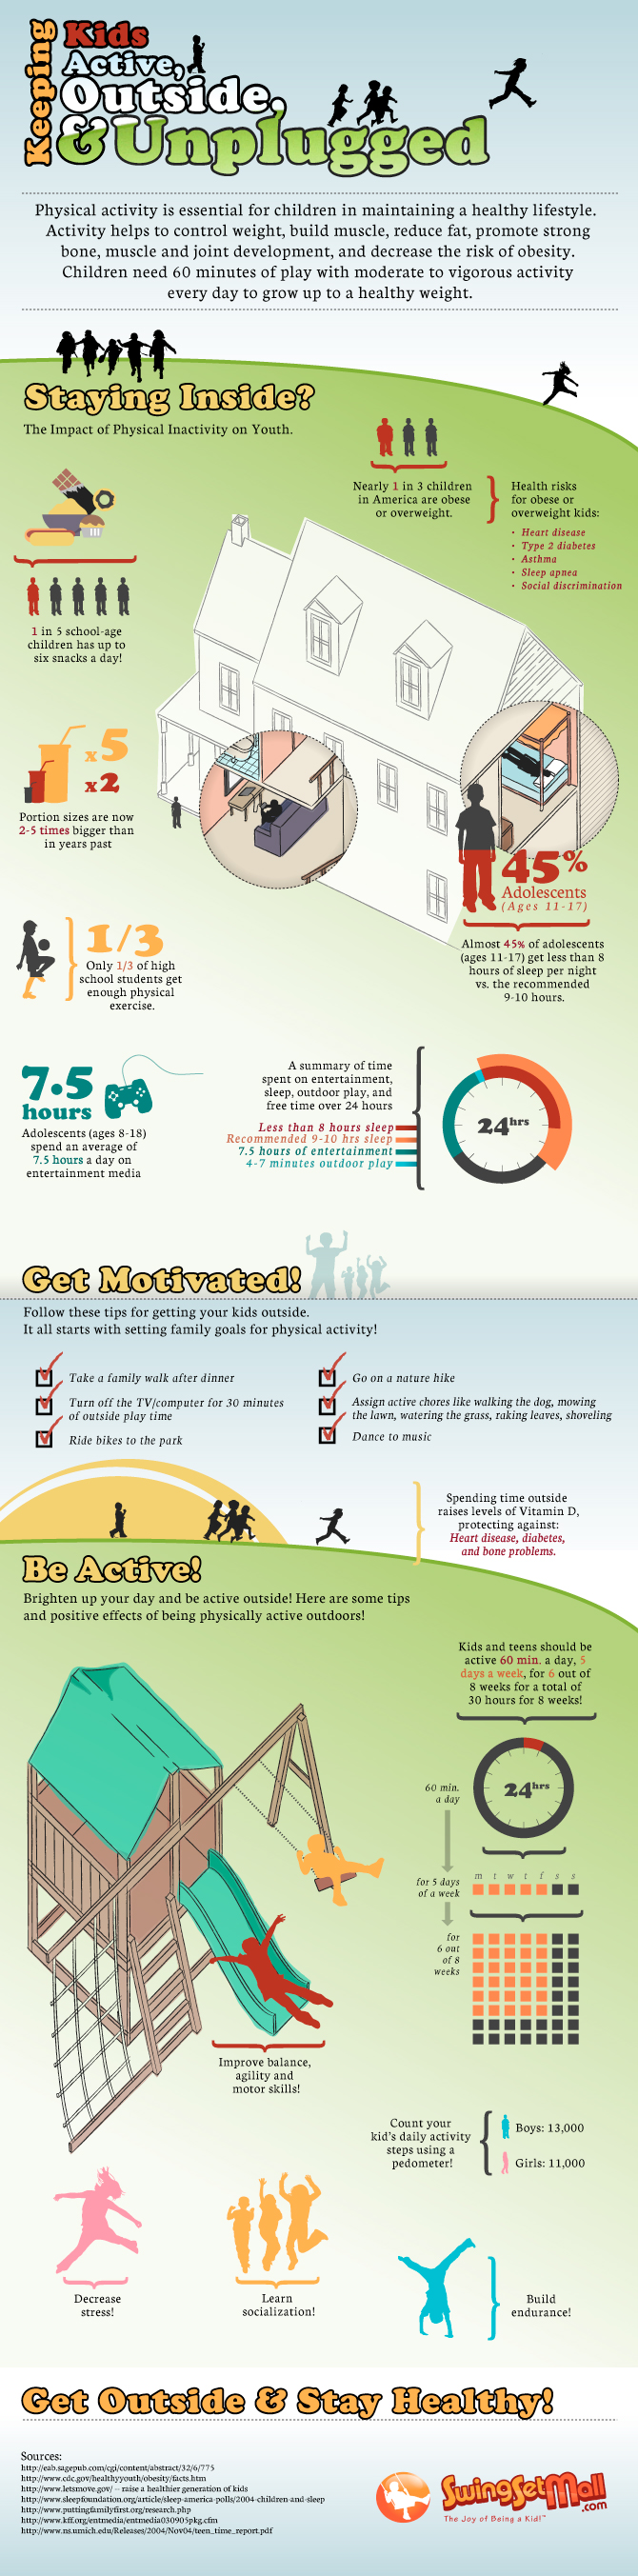 Keeping Kids Active Infographic
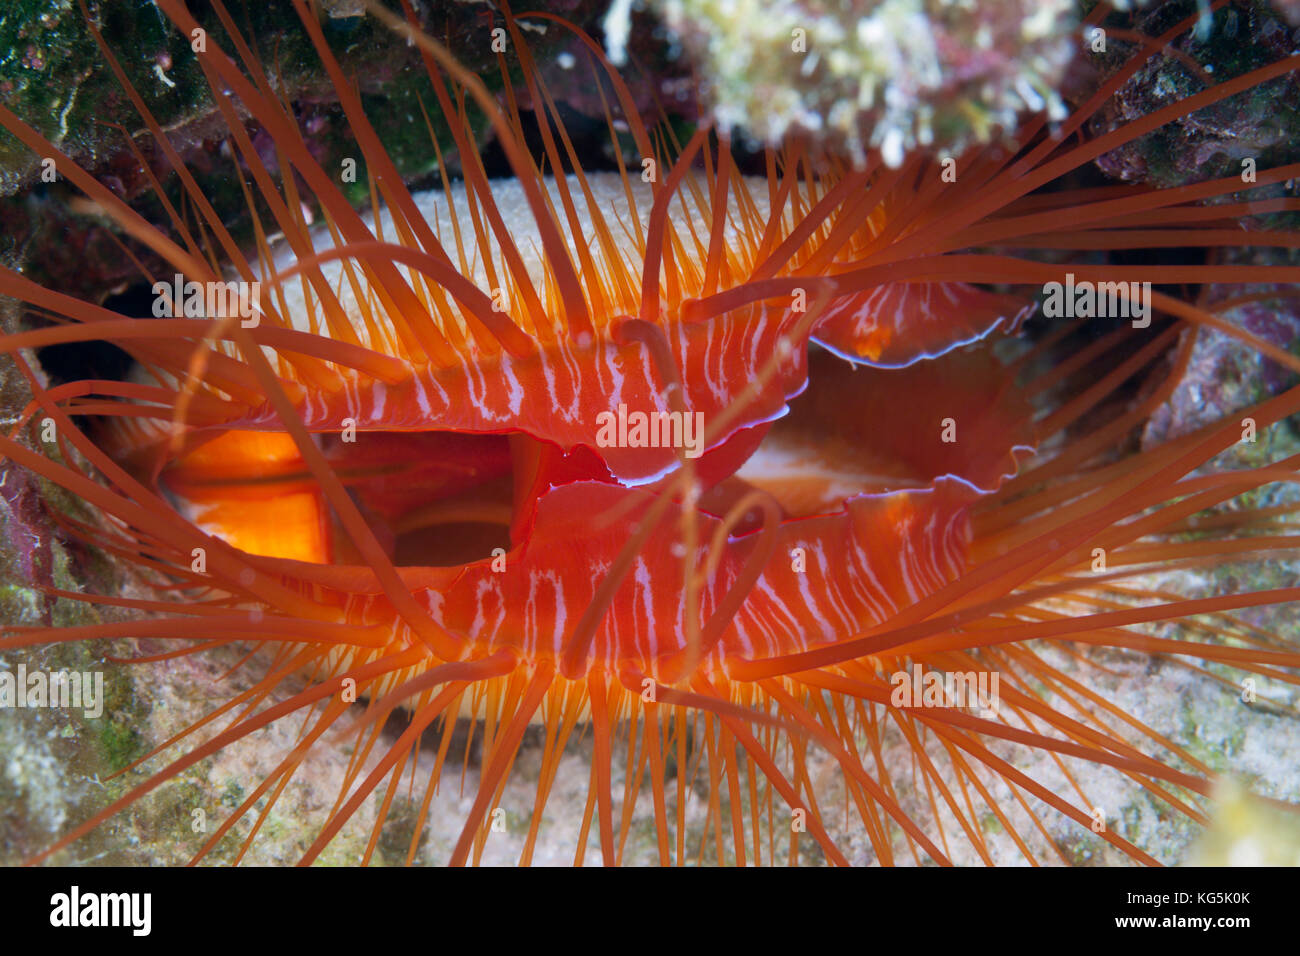 Close up of Electric Flame Scallop, Ctenoides ales, Christmas Island, Australia Stock Photo
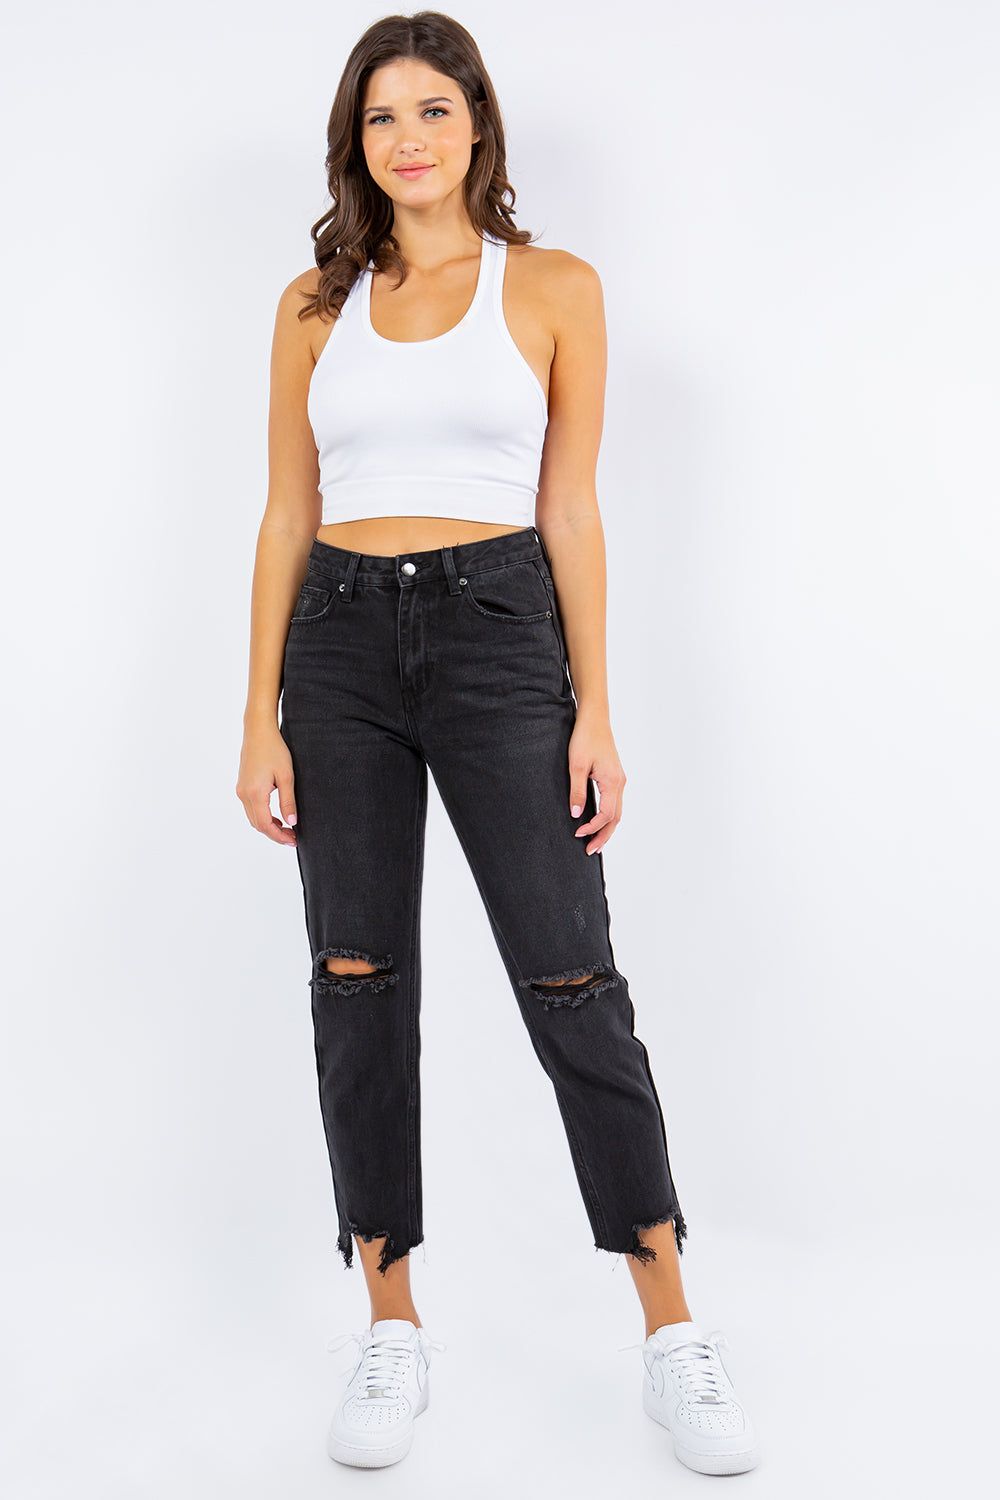 American Bazi High Waist Distressed Cropped Straight Jeans - us.meeeshop
***
▶ [INSTRUCTIONS FOR THE TASK]: Would you write out the material above in full, exactly as given, except for its pictures?

▶ [REPLY]:
 Keeping Kids Active Infographic
 Close up of Electric Flame Scallop, Ctenoides ales, Christmas Island, Australia Stock Photo
 American Bazi High Waist Distressed Cropped Straight Jeans - us.meeeshop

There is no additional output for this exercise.